The nation's largest utility, Pacific Gas & Electric, is poised to emerge from five years of criminal probation amid worries that it remains too dangerous to be trusted.

Over the last five years, the utility became an even more destructive force. More than 100 people have died and more than 23,000 homes and businesses have been incinerated in wildfires sparked by its equipment in that time. The probation period was supposed to rehabilitate PG&E after its 2016 felony conviction for a 2010 explosion that blew up a neighborhood and killed eight people.

PG&E says it has made strides in fixing outdated equipment and pledges to do more.

SCOTUS to look at federal water protections
By Nate Hegyi, Mountain West News Bureau

The U.S. Supreme Court said Monday it will look at limiting the scope of a landmark federal clean water law. The Clean Water Act allows the federal government to place limits on development or pollution near protected waters, but there’s long been a fight over which waters exactly are protected. The law’s language is vague and a 2006 Supreme Court decision didn’t help. The 5-4 ruling essentially created two conflicting definitions.

Some justices said the law only protects permanent lakes, ponds, rivers and streams. Others argued it also protects wetlands and intermittent rivers and streams. Now, the Supreme Court is taking a second look at this fight.

They’ll hear the case of an Idaho couple who were blocked by the federal government from building their house near a small wetland next to a protected lake. The ruling could have wide implications for arid regions of the West like the Great Basin, where a lot of rivers and creeks run dry in the summer. Those areas could lose protections.

“We are really concerned if substantial revisions are going to carve out the protections for the waters that make the Great Basin so great,” said Patrick Donnelly with the nonprofit environment group Center for Biological Diversity.

The Supreme Court will take up the case this fall.

Nevada Division of Forestry looking to fund ecosystem restoration, wildfire mitigation projects
By Lucia Starbuck

The Nevada Division of Forestry is looking to fund restoration projects that protect communities and ecosystems from wildfires, floods and invasive species.

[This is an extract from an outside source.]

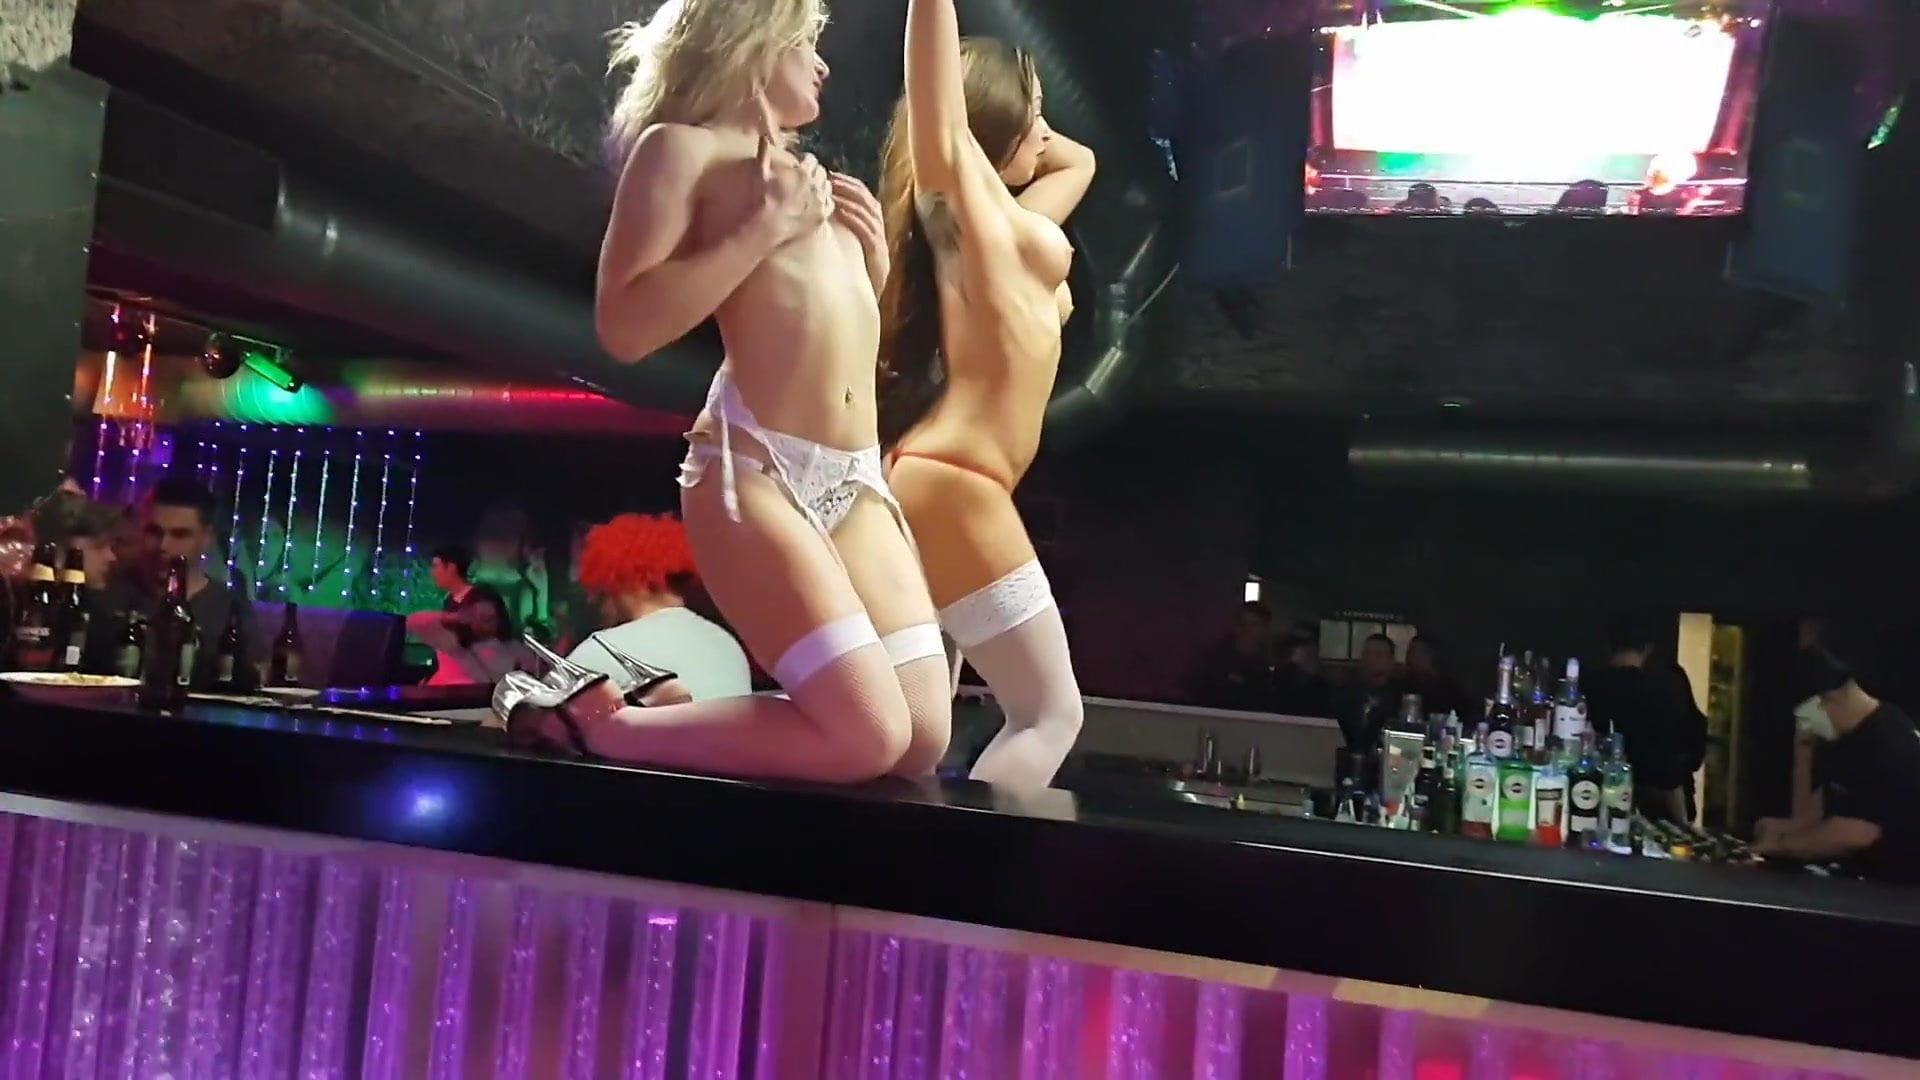 Голые девушки стриптиз видео hd

The division is now accepting pre-proposals for two grants. One will fund a variety of conservation projects for water sources, rural forests and rangelands. The other grant is for projects that aim to mitigate the risk of wildfire, such as reducing hazardous fuel and increasing community outreach in targeted areas.

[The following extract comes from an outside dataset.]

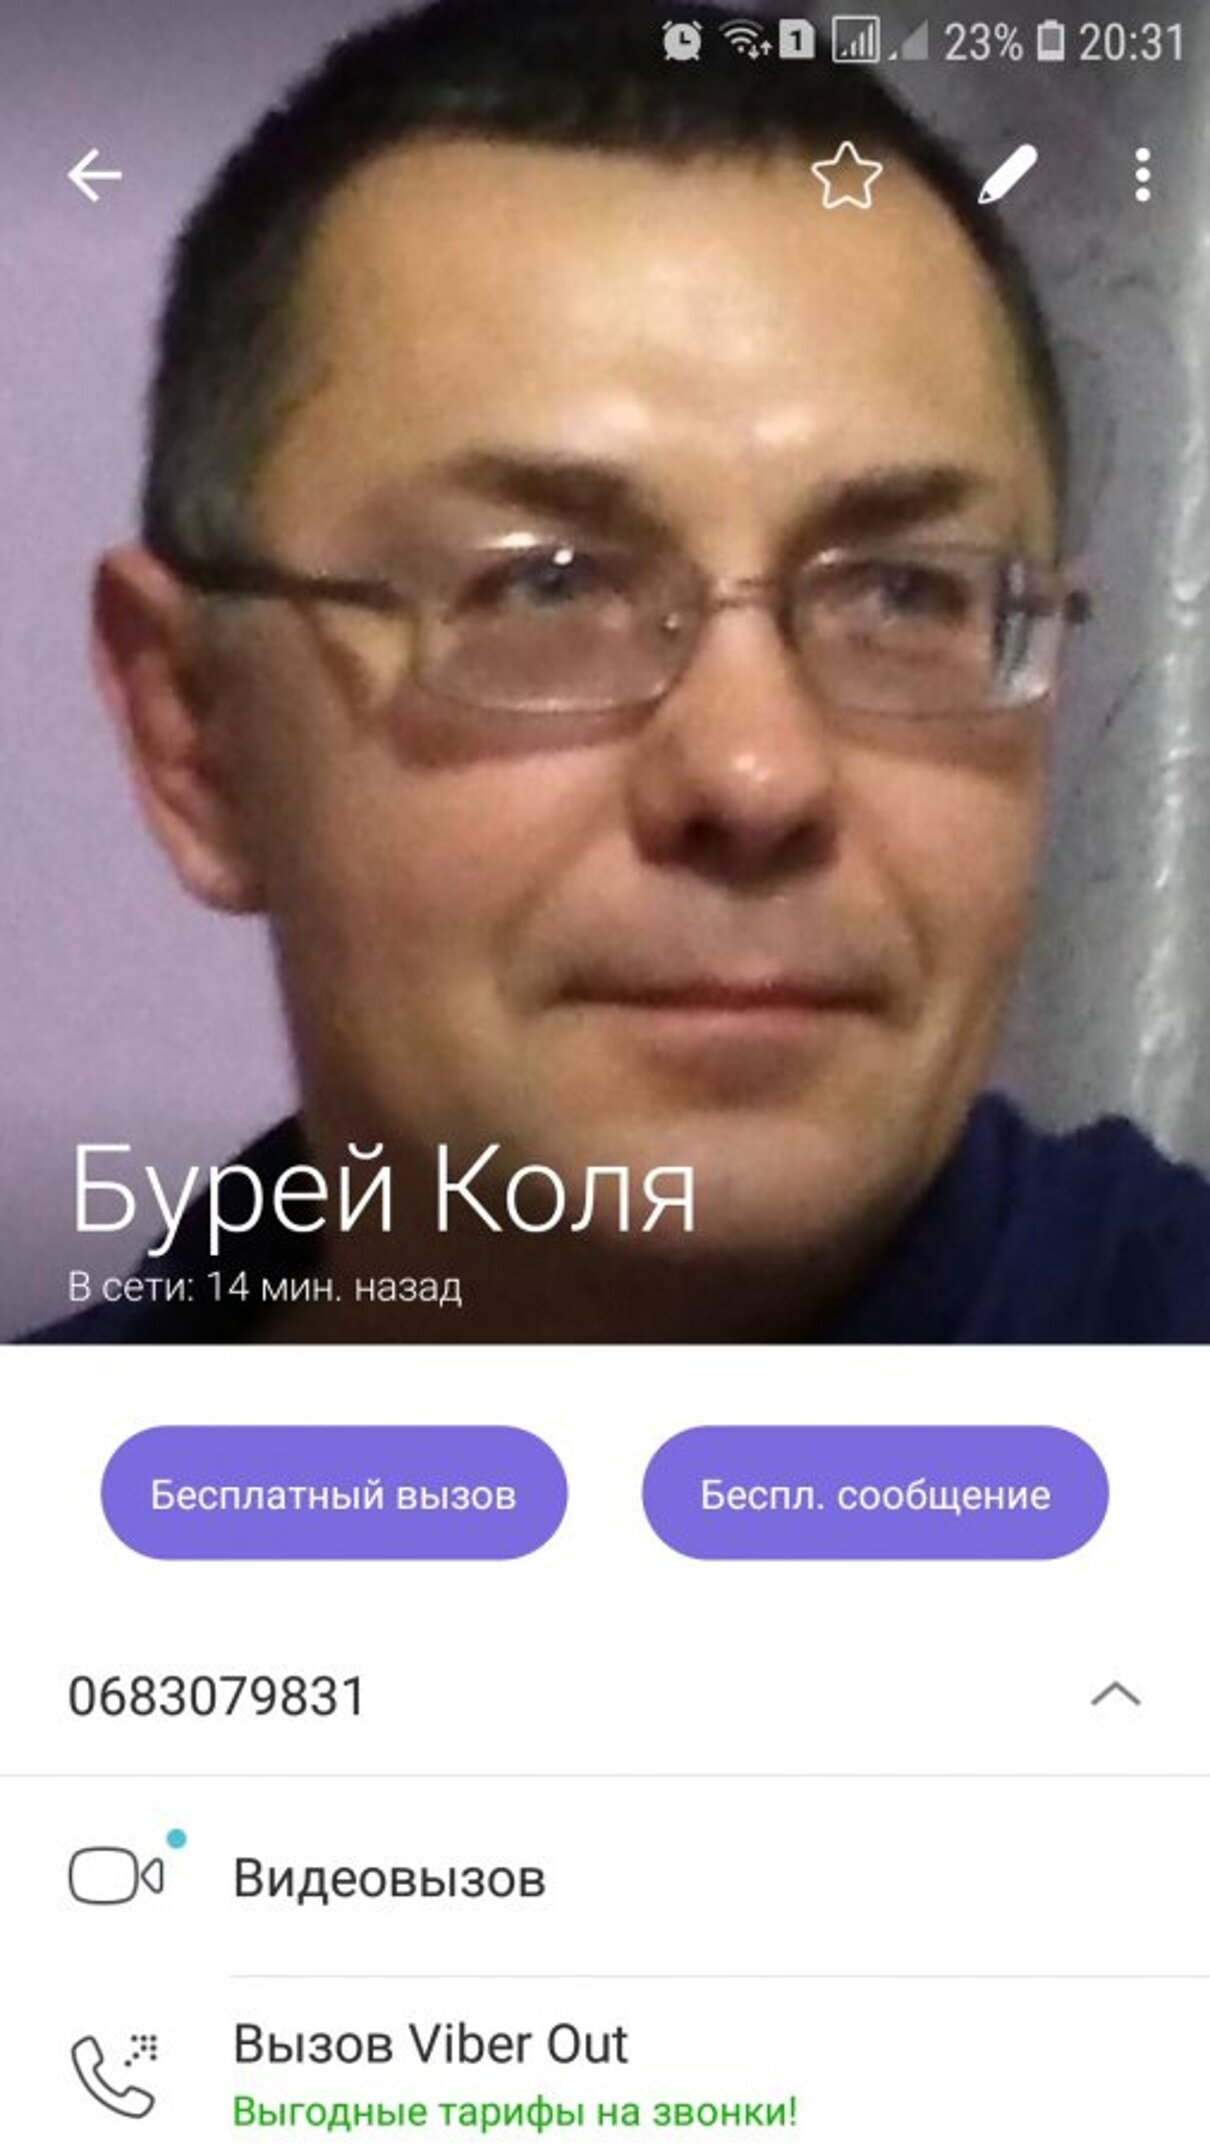 Жалоба-отзыв: БУРЕЙ МИКОЛА - Мошенник.  Фото №1

Both grants will provide $300,000 per project. More information can be found here.

Indigenous authors from our region nab book awards
By Dave Rosenthal, Mountain West News Bureau

On Monday, the American Indian Library Association announced its youth book awards, and some winners were about our region.

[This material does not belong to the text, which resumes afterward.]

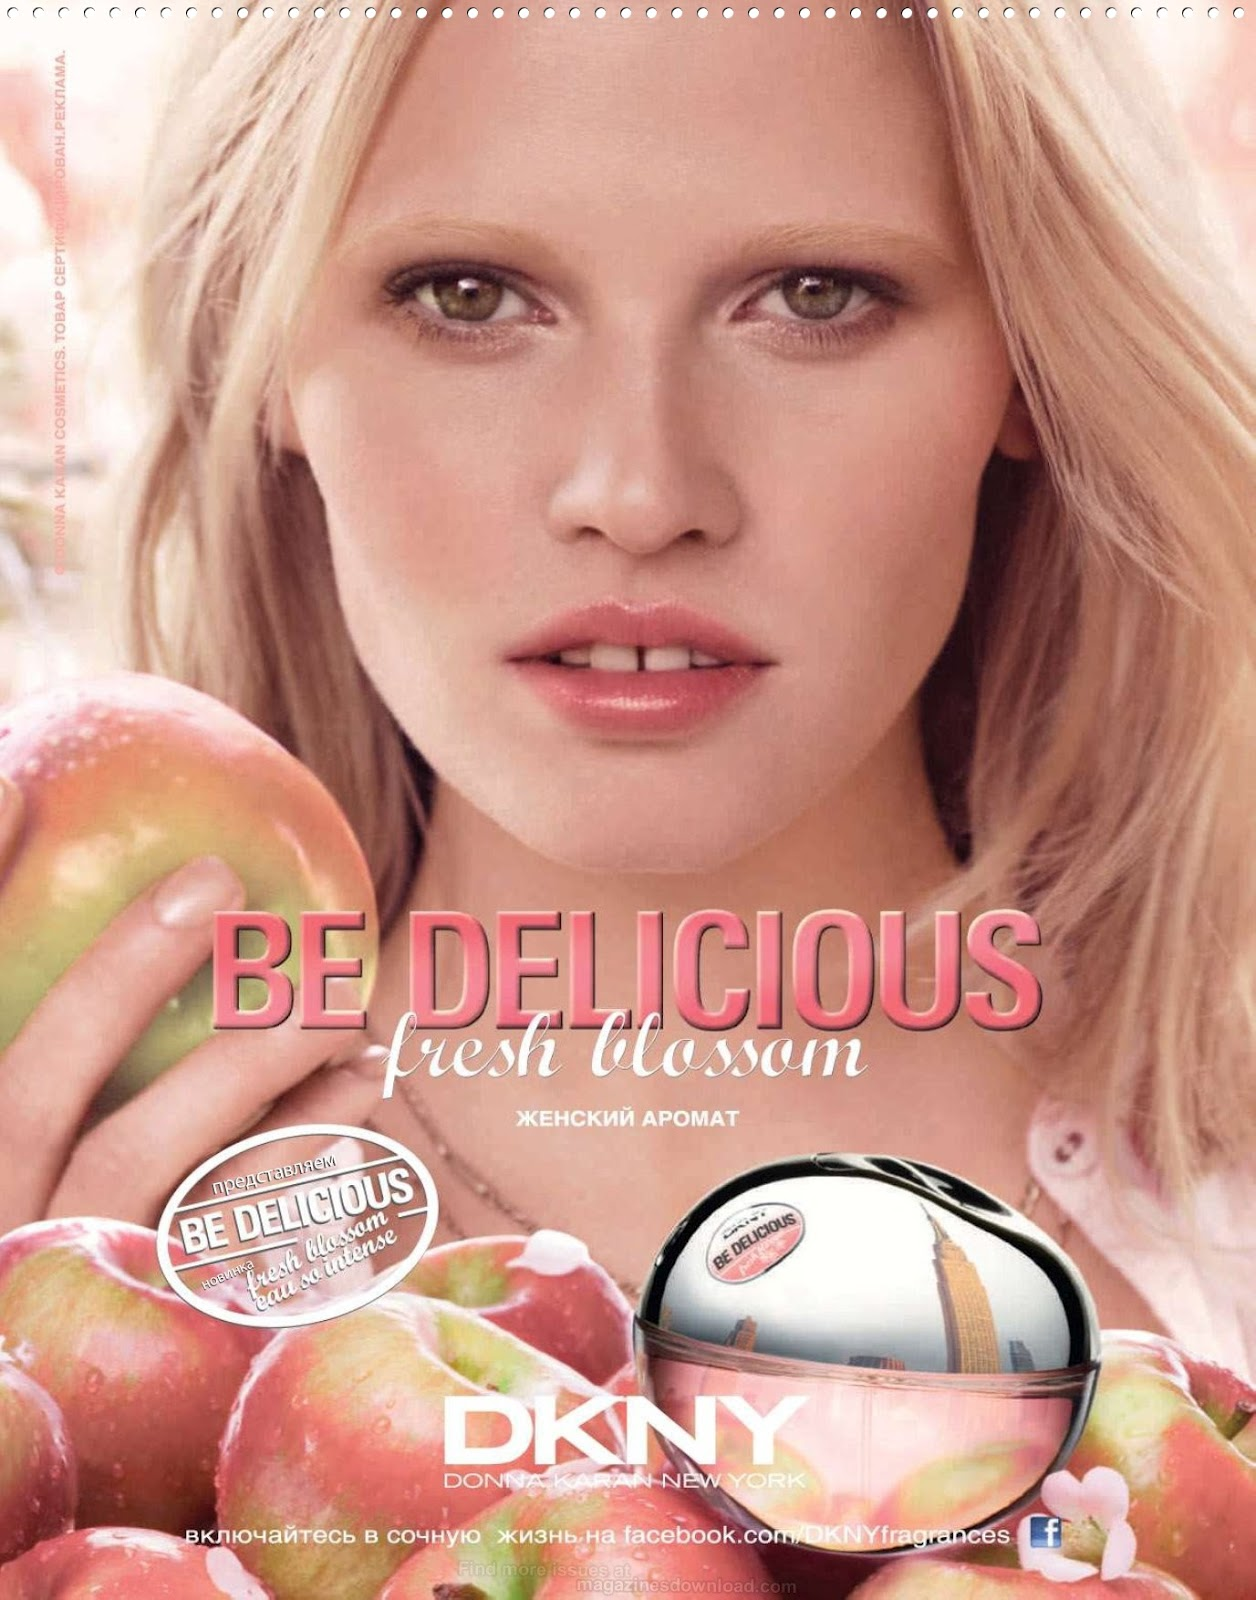 http://1.bp.blogspot.com/-hqukf3BwjIQ/T-hvg7g-ZSI/AAAAAAAADDY/GW_YVylrYTo/s1600/_Lara+Stone+-+DKNY+Be+Delicious+Fresh+Blossom.jpg

The winning picture book was Herizon. In this wordless story a girl uses a magic scarf to help her mother retrieve a flock of sheep. It was written by Daniel Vandever and illustrated by Corey Begay, both Diné.

Healer of the Water Monster won in the middle school group. The story of a young boy’s heroism was written by Brian Young, Diné.

And the young adult winner was Apple, Skin to the Core by Eric Gansworth, Onandaga, His poetic memoir tells of balancing White and Native cultures. The title plays off a slur that pegs some Natives as red outside and white inside.

Mirage Hotel volcano, icon on Vegas Strip, to get demolished
By The Associated Press

The landmark volcano that spits fire outside the Mirage Hotel & Casino in Las Vegas will soon be snuffed out. KLAS-TV reports Hard Rock International, which purchased the hotel property, plans to tear it down as part of a major renovation plan. A guitar-shaped hotel will take over.

Previous owner MGM Resorts International will license The Mirage name and brand to Hard Rock for the next few years. Some not happy with the decision to do away with the volcano have started an online petition on change.org. It has gathered more than 1,500 signatures.